War Graves at Layton Cemetery. Photo: Denys Barber

Layton Cemetery

The Victorian Layton Cemetery was opened in 1873 when Blackpool Parish Church had no more space for burials. It’s bounded by Talbot Road on one side and Mansfield Road on the other side. Above photo: War graves at Layton Cemetery, by Denys Barber.

Visiting the Cemetery

Layton is a big cemetery. With over 17,000 graves it covers just over 22 acres.

If you aren’t able to visit a grave on foot you can access the cemetery by car as long as you keep to the 10mph speed limit.

Dogs are welcome as long as they are on a lead and you clean up after them.

The cemetery offices are at the main gate, in which the Friends Group are based.

Near to the Talbot Road entrance you’ll see the Church of England Chapel. This is the last of three cemetery chapels and is Grade Two listed. Unfortunately it isn’t being used because it is in a poor condition.

As you stand and look into the cemetery at the main gate on Talbot Road, the Christian graves run through the centre. Catholic graves on the right and non-conformist graves are along the left hand side. Muslim graves on the far left and Jewish graves further along Westcliffe Drive.
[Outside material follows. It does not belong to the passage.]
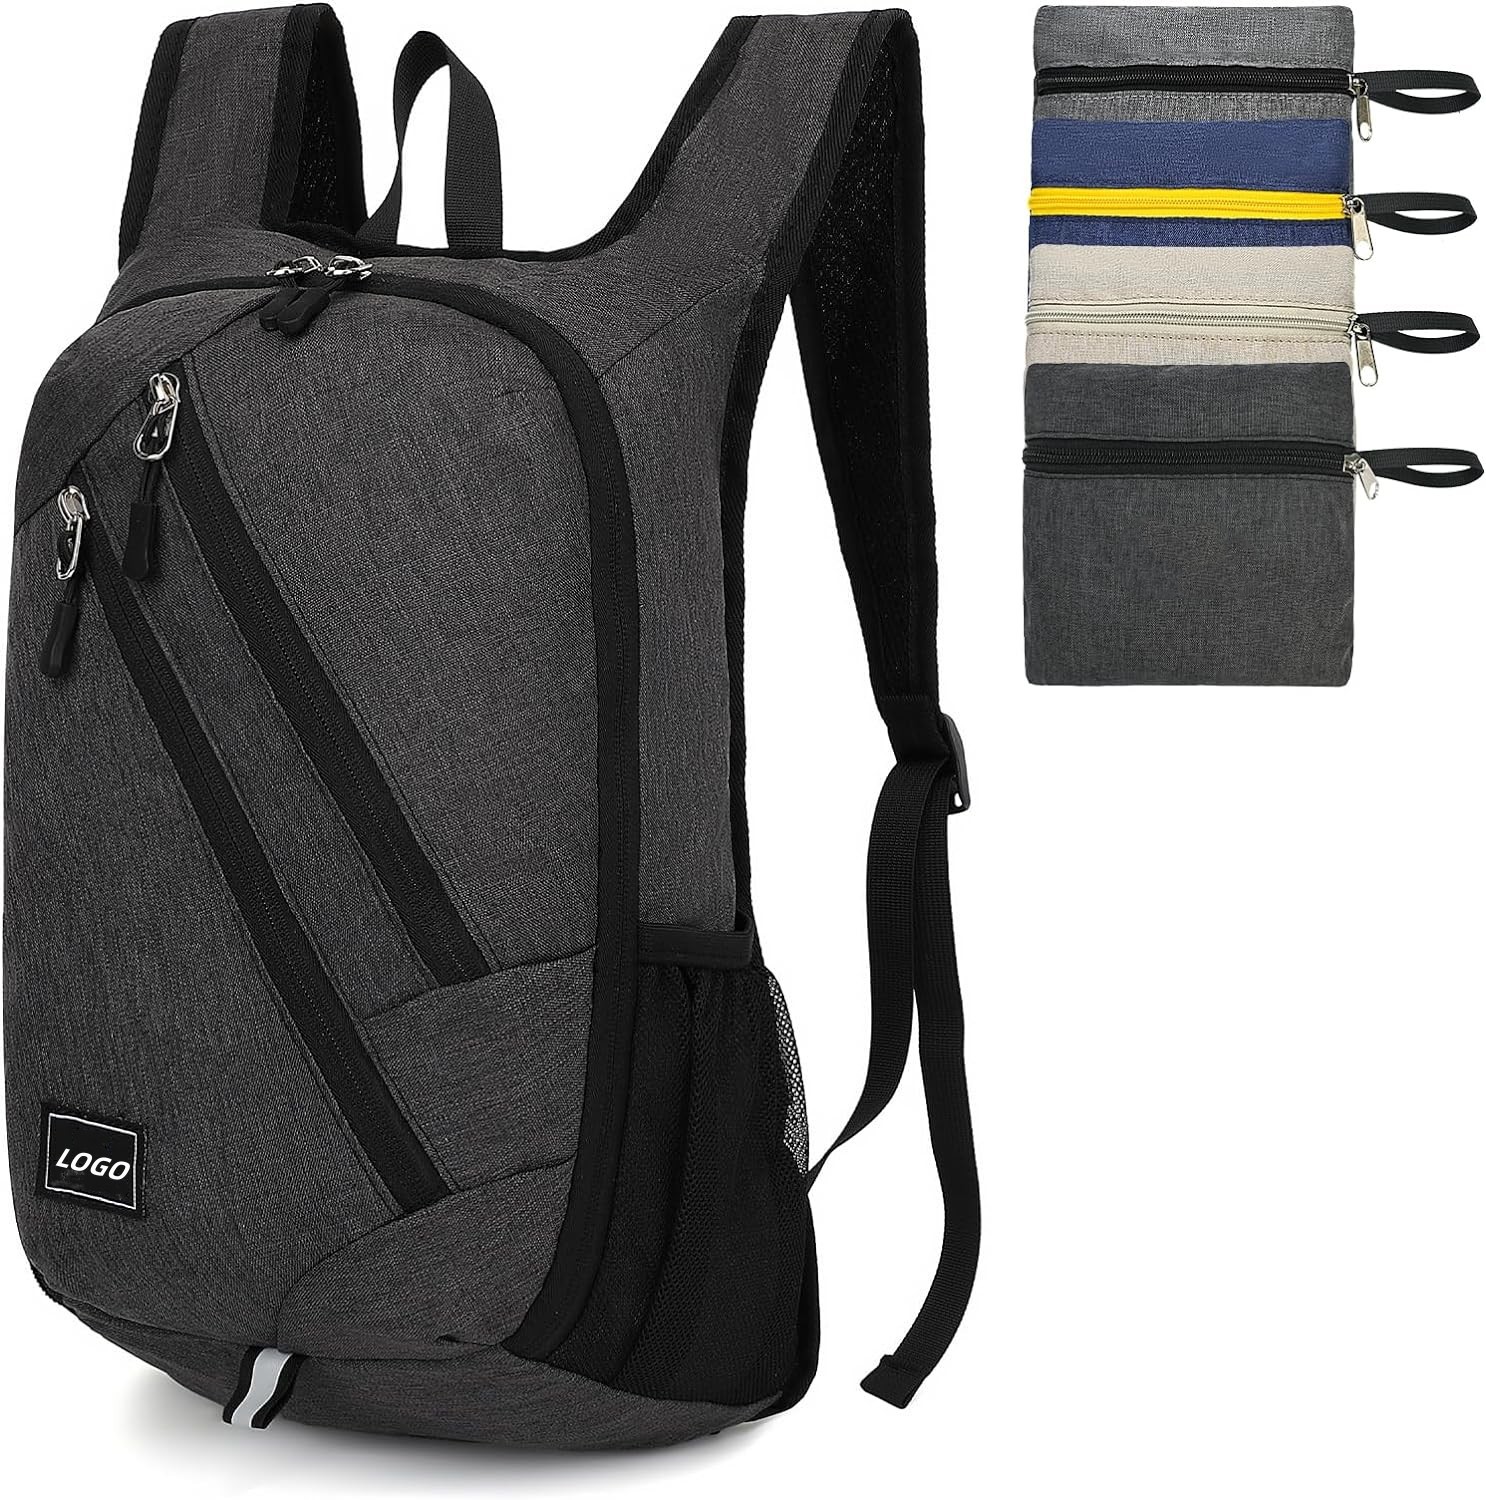 ODM OEM 15L Small Daypack Backpack Outdoor Travel Hiking School Bag for Men
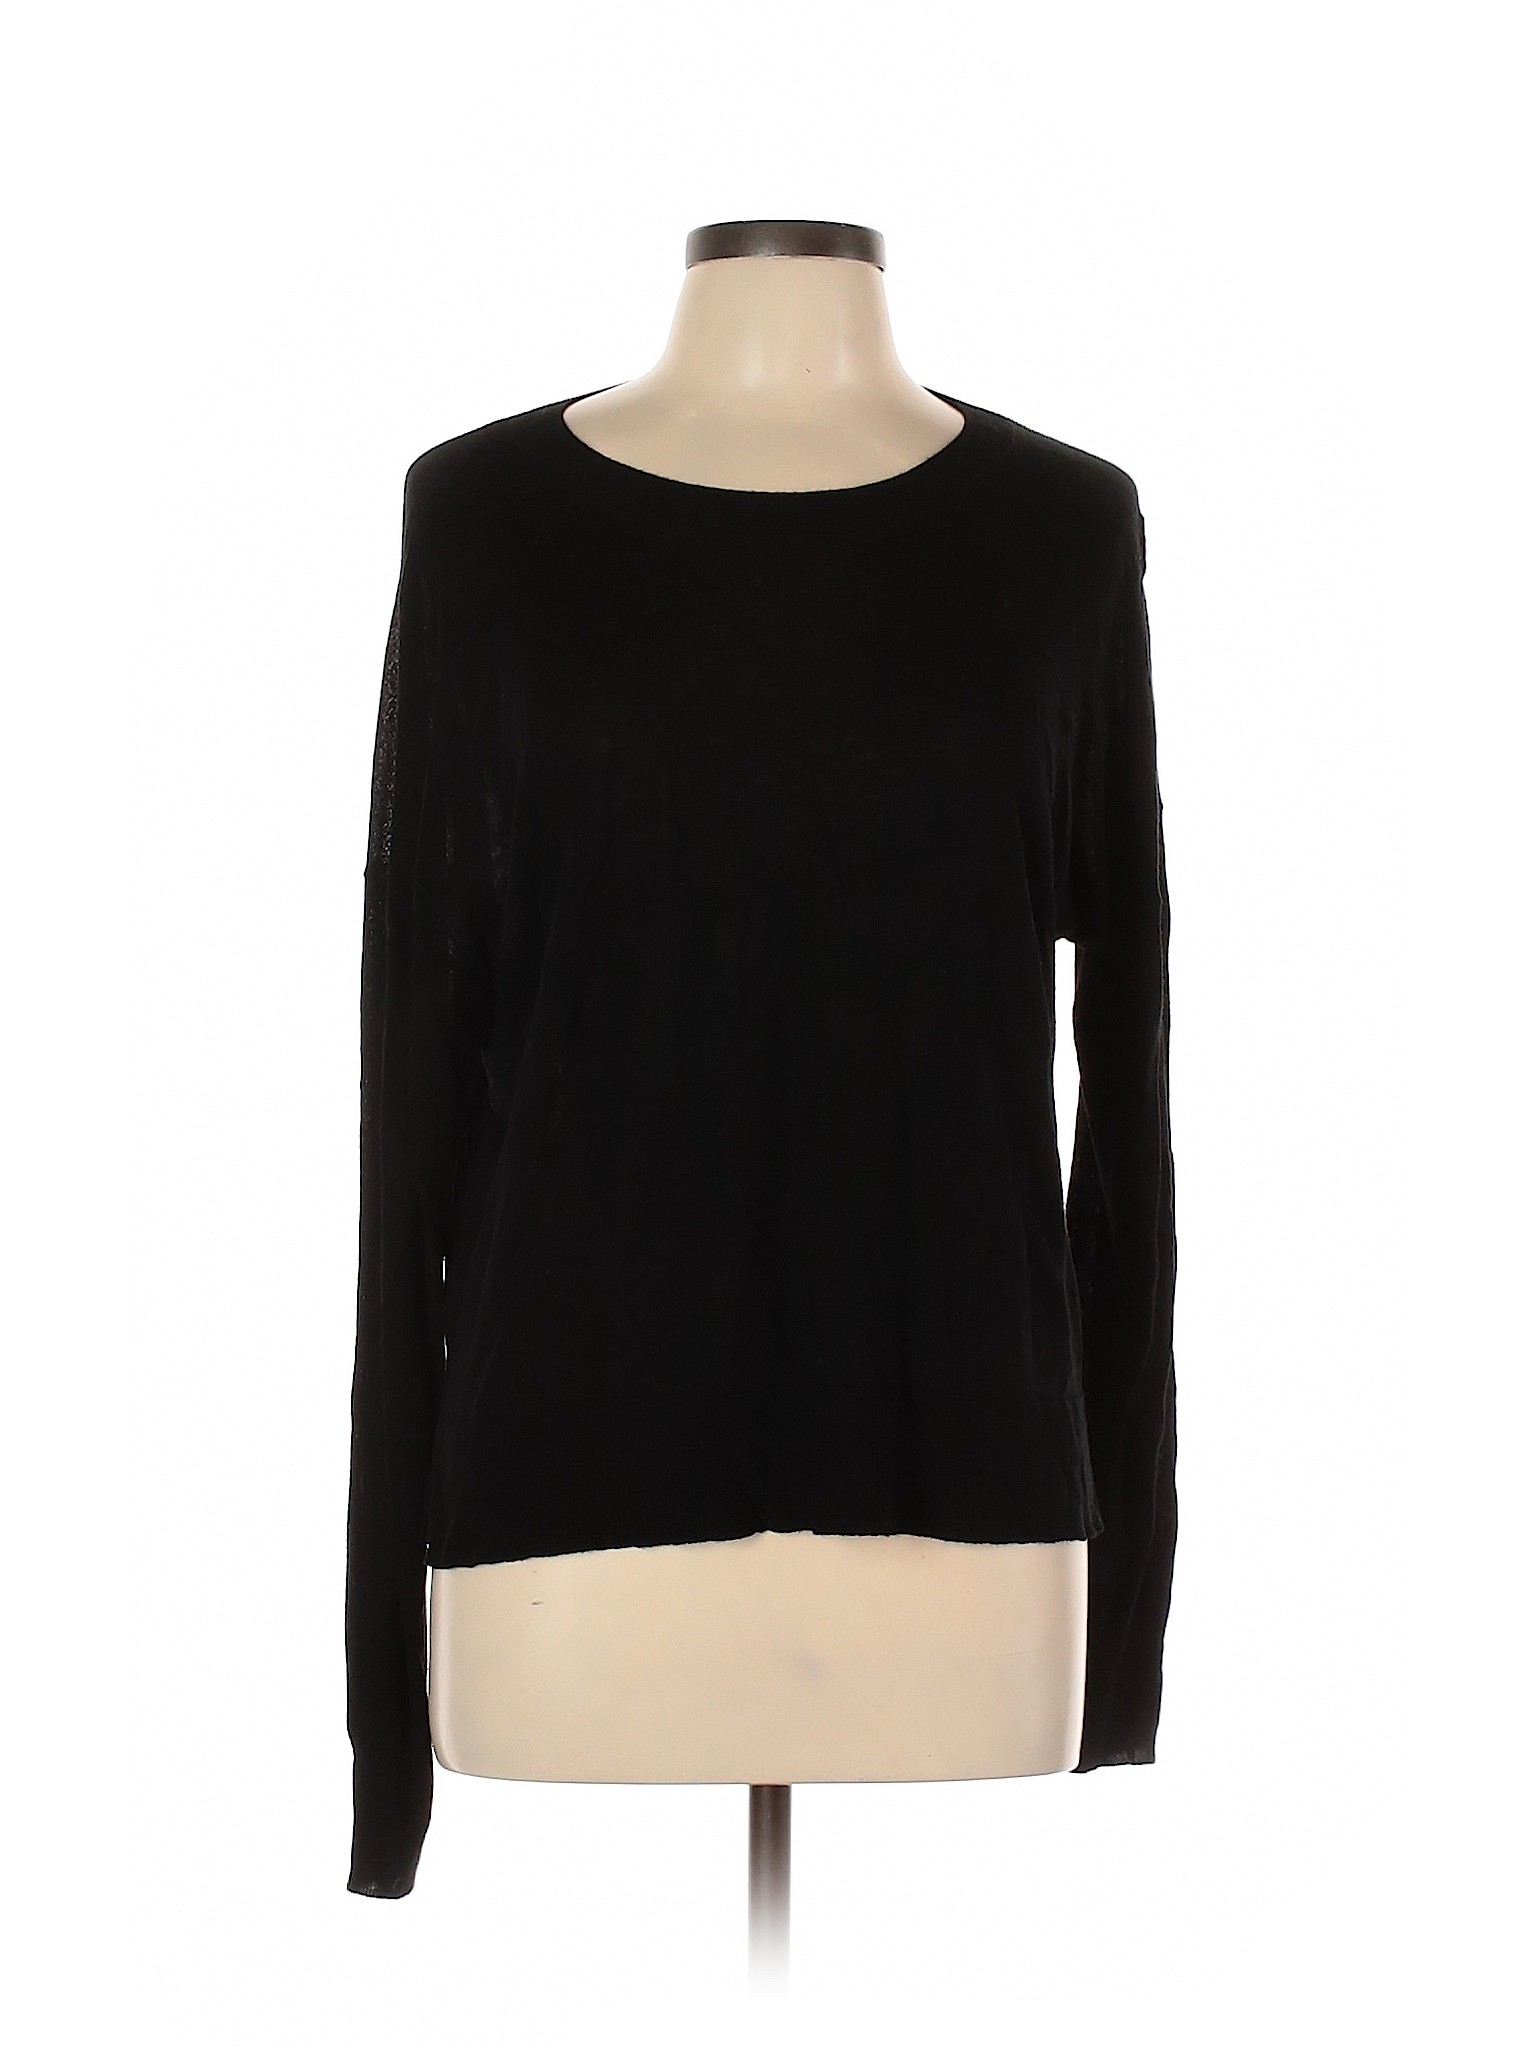 Zara Women Black Pullover Sweater L | eBay

Friends of Layton Cemetery

The Friends Group is a voluntary group. They run tours of the cemetery in summer and during Heritage Week in September.

They can also help you to find a particular grave.

Poppies for Remembrance

A stunning display of 439 knitted poppies was created by the Friends of Layton Cemetery Group to commemorate the servicemen and women buried and remembered at Layton Cemetery.

The poppies were laid out on a grass carpet as part of a remembrance service to honour the war dead.

Knitted poppies displayed at Layton Cemetery in 2016
Knitted poppies displayed at Layton Cemetery in 2016

Pupils from Layton Primary School helped the Layton Friends Group to lay wreaths at the Cross of Sacrifice within Layton Cemetery.

Members of the local community, including residents, Layton Primary School, Co-Op Funeral Services, the friends group and representatives from Blackpool Council were in attendance and observed a two minute silence in memory of those who gave their lives in the service of their country.

A big thank you is also due to the Layton Cemetery team for all the hard work that has taken place to develop a sustainable maintenance programme. A once unmanageable area is now looked upon with immense pride.

Knitted poppies for Remembrance Day 2016 at Layton Cemetery
Knitted poppies for Remembrance Day 2016 at Layton Cemetery

Wildlife is Welcome in the Cemetery

Published August 2016

Dozens of handmade bird boxes were installed this summer, to bring wildlife back to a Blackpool green spot.

Volunteers at Layton Cemetery and their bird boxes
Volunteers at Layton Cemetery and their bird boxes

A group of community volunteers created 72 wooden bird boxes. They were installed onto trees across Layton Cemetery, as part of a second stage to make the area a more pleasant area to visit.

The volunteers are adults with learning disabilities. They built the boxes as part of their woodwork classes at Blackpool Centre for Independent Living on Whitegate Drive.

Cemetery staff fixed the boxes in the tree tops across the 22 acre cemetery on Talbot Road.

Bird boxes being installed by Nick Tipton at Layton Cemetery

Best it’s been for 40 years

The work is the second stage of partnership work which has seen Layton Cemetery become the ‘best it’s been for 40 years’. That’s according to Martin Mitchell, one local councillor.

The Layton ward councillor said that when describing the work that community volunteers, community payback and council officers had done to keep the area clean and tidy.

The groups cut the grass, trim the edges and litter pick. They’ve also helped to transform a decrepit old mortuary building into a break out kitchen area for the workers.

The next step in attracting wildlife was installing the bat boxes which were in construction.

Brew Room for Cemetery Volunteers

Volunteers at the cemetery transformed a decrepit old building into a break room facility for staff, as well as the volunteers and offenders.

The old mortuary building at the side of the cemetery was renovated a couple of years ago. New floors were laid, working electrics and a lick of paint. Now, the workers and volunteers have a place to shelter during their breaks.

Community volunteers at Layton Cemetery
Community volunteers at Layton Cemetery

The Community Volunteers include adults with learning disabilities. Low-level offenders from Community Payback carry out manual work to improve the local area, under the supervision of Lancashire Probation Trust.